Okay, so here is an outtake from Details photoshoot. No words! Just drooling, lots of heavy breathing (into a paper bag of course), and well lets just say I dont own enough panties to get me through the day for this picture!
Care to comment? Do so NOW! 😉
You may have noticed that, in the last month or so, we have seen a re-emergence of the Robeard. Now, some think it’s a travesty to hide all of that amazing jaw porn, but we here at RobNipulations disagree.
The Robeard should be celebrated!! Accordingly, today we are exploring other famous beards… the beards heard ’round the world, if you will.
Ah yes, the Roberham Lincoln Beard. He looks all prim and proper, but we know what’s lurking underneath. Can you say commando?! woot!
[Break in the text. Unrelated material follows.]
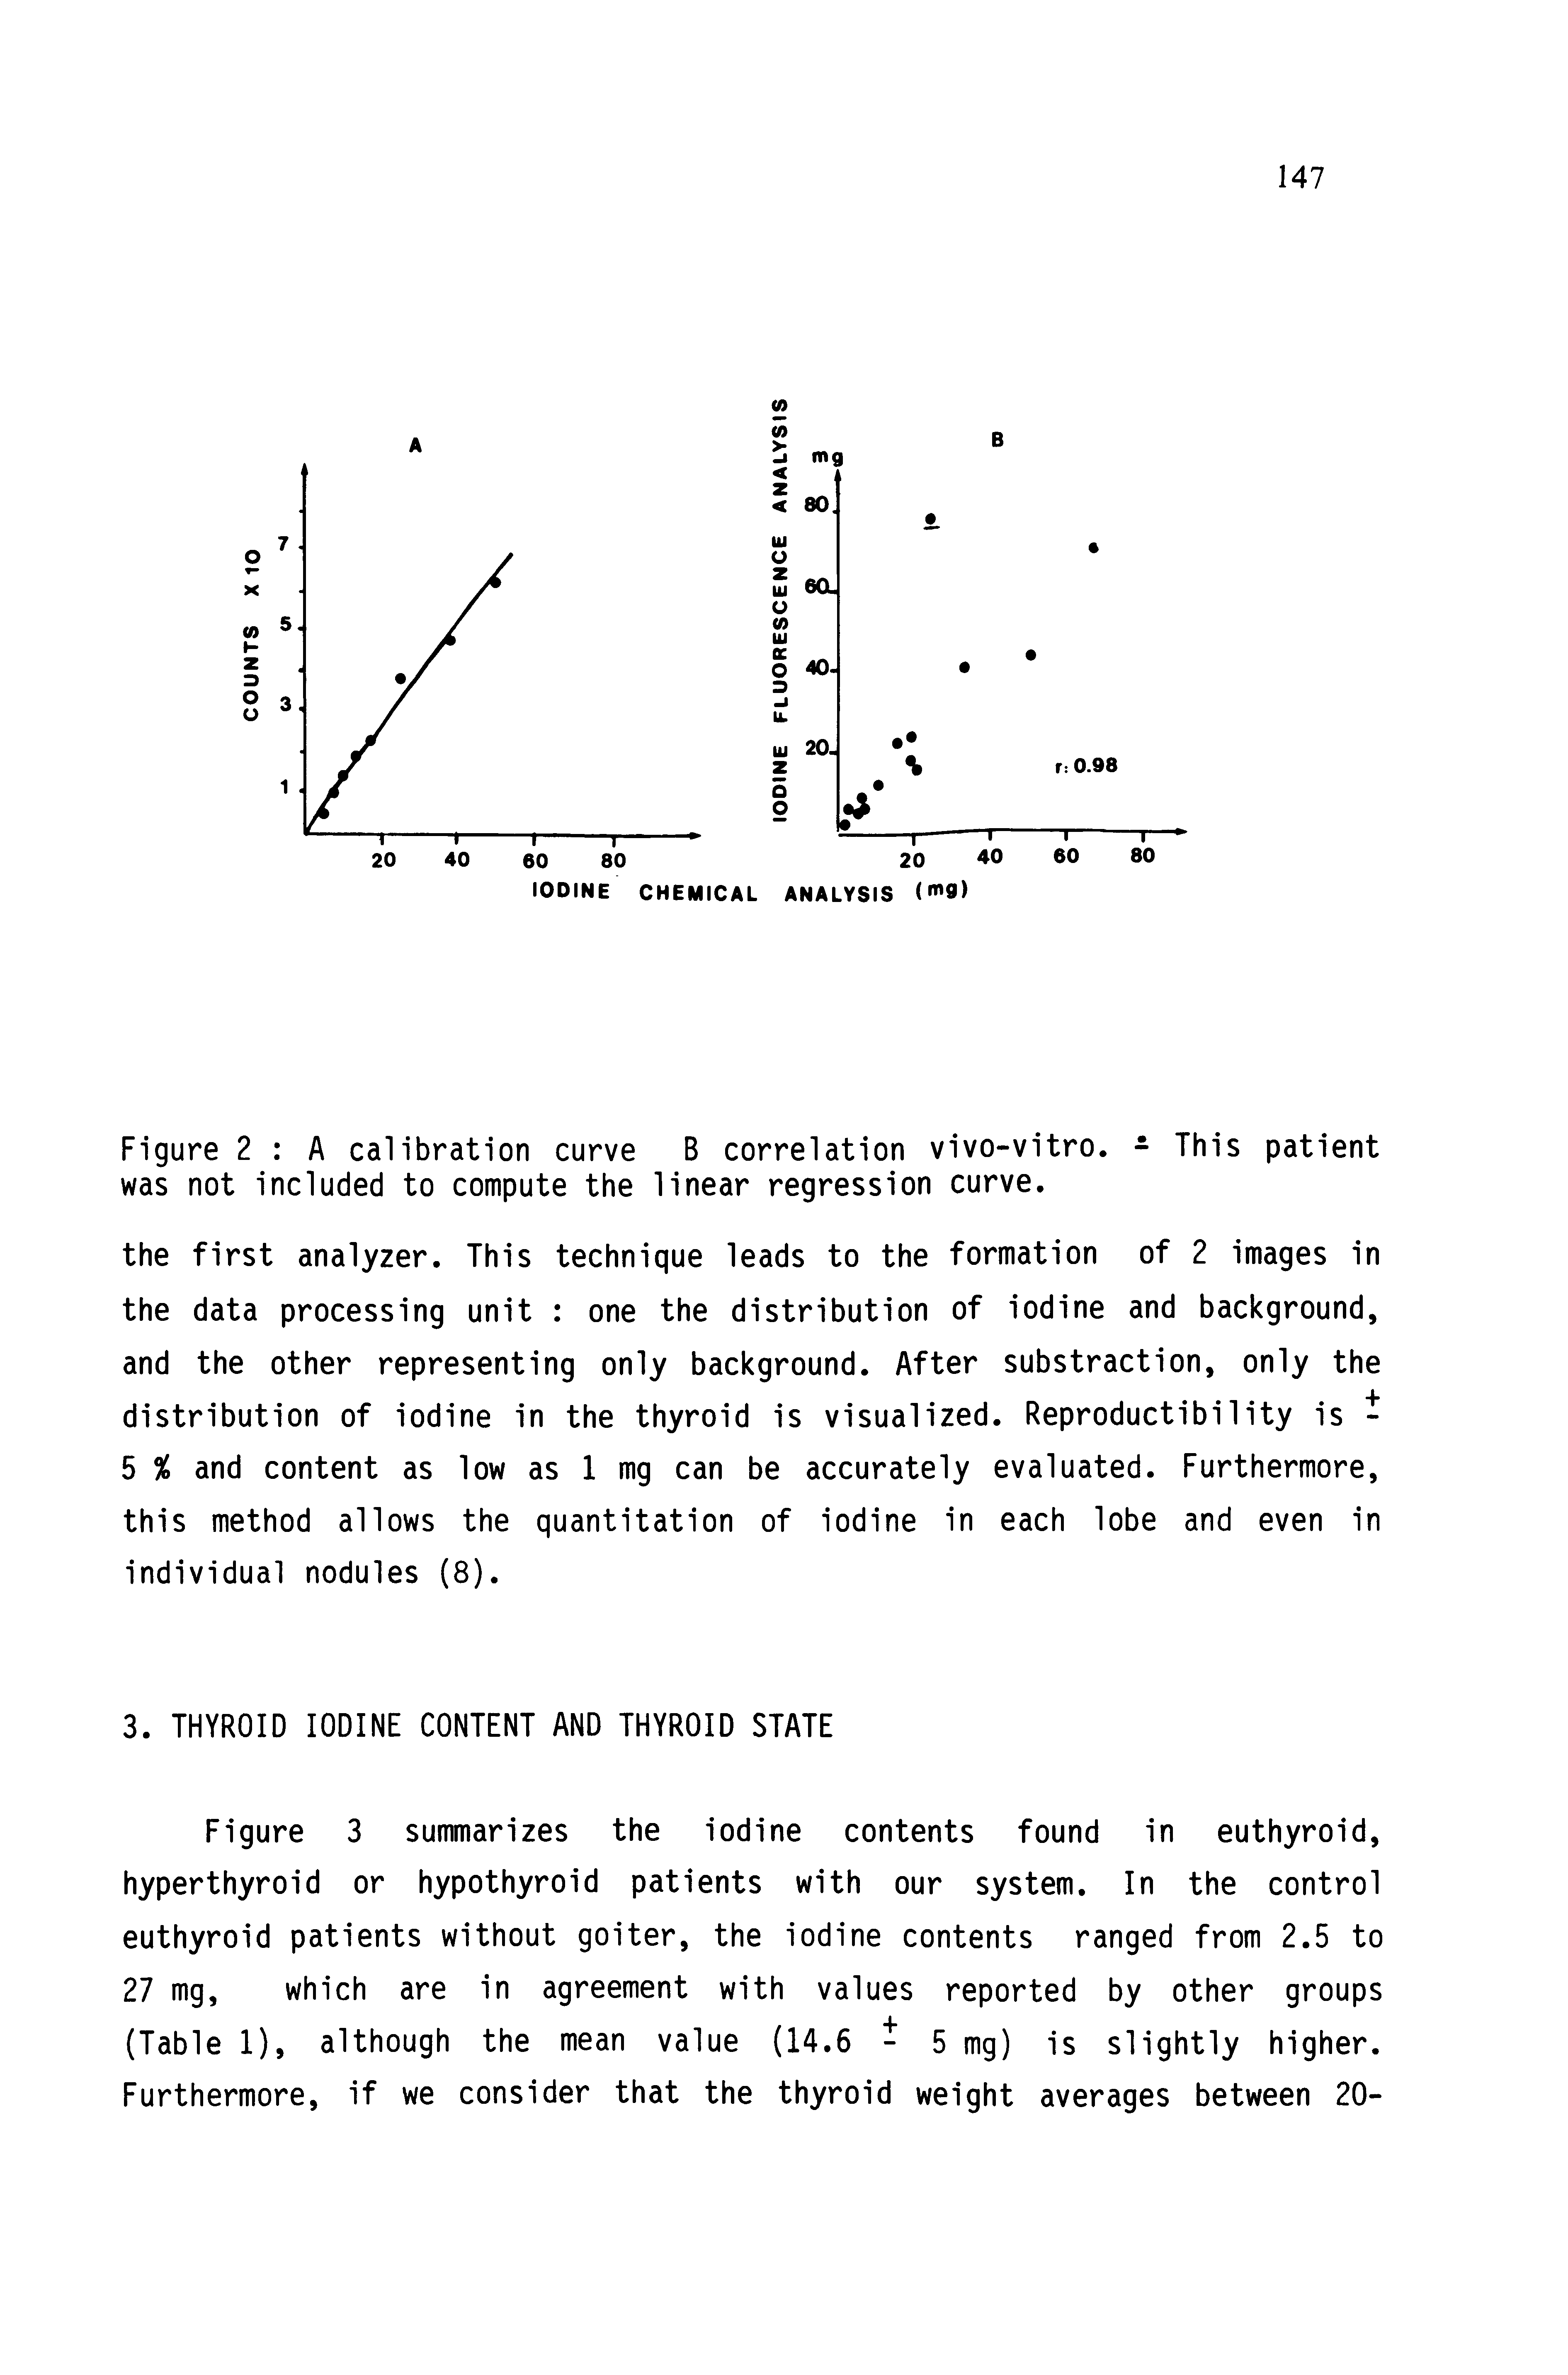 Figure 2 A calibration curve B correlation vivo-vitro. - This patient was not included to compute the linear regression curve.

The Joaquin Phoenix Robeard. Could only occur if Rob suddenly went insane, decided to end his flourishing acting career, and embarked on a mediocre crazy/music tour. For fuck’s sake, we hope this never happens. Keep your sanity, Rob!!
Cast Away Robeard. Now this, we can really get behind. Rob in a mere loincloth, all sweaty and dirty and fuckable? RAWR! What’s not to love?! Rob at his most primal is just fuckhawt. We’d certainly be okay with being marooned on an island with Cast Away Robeard.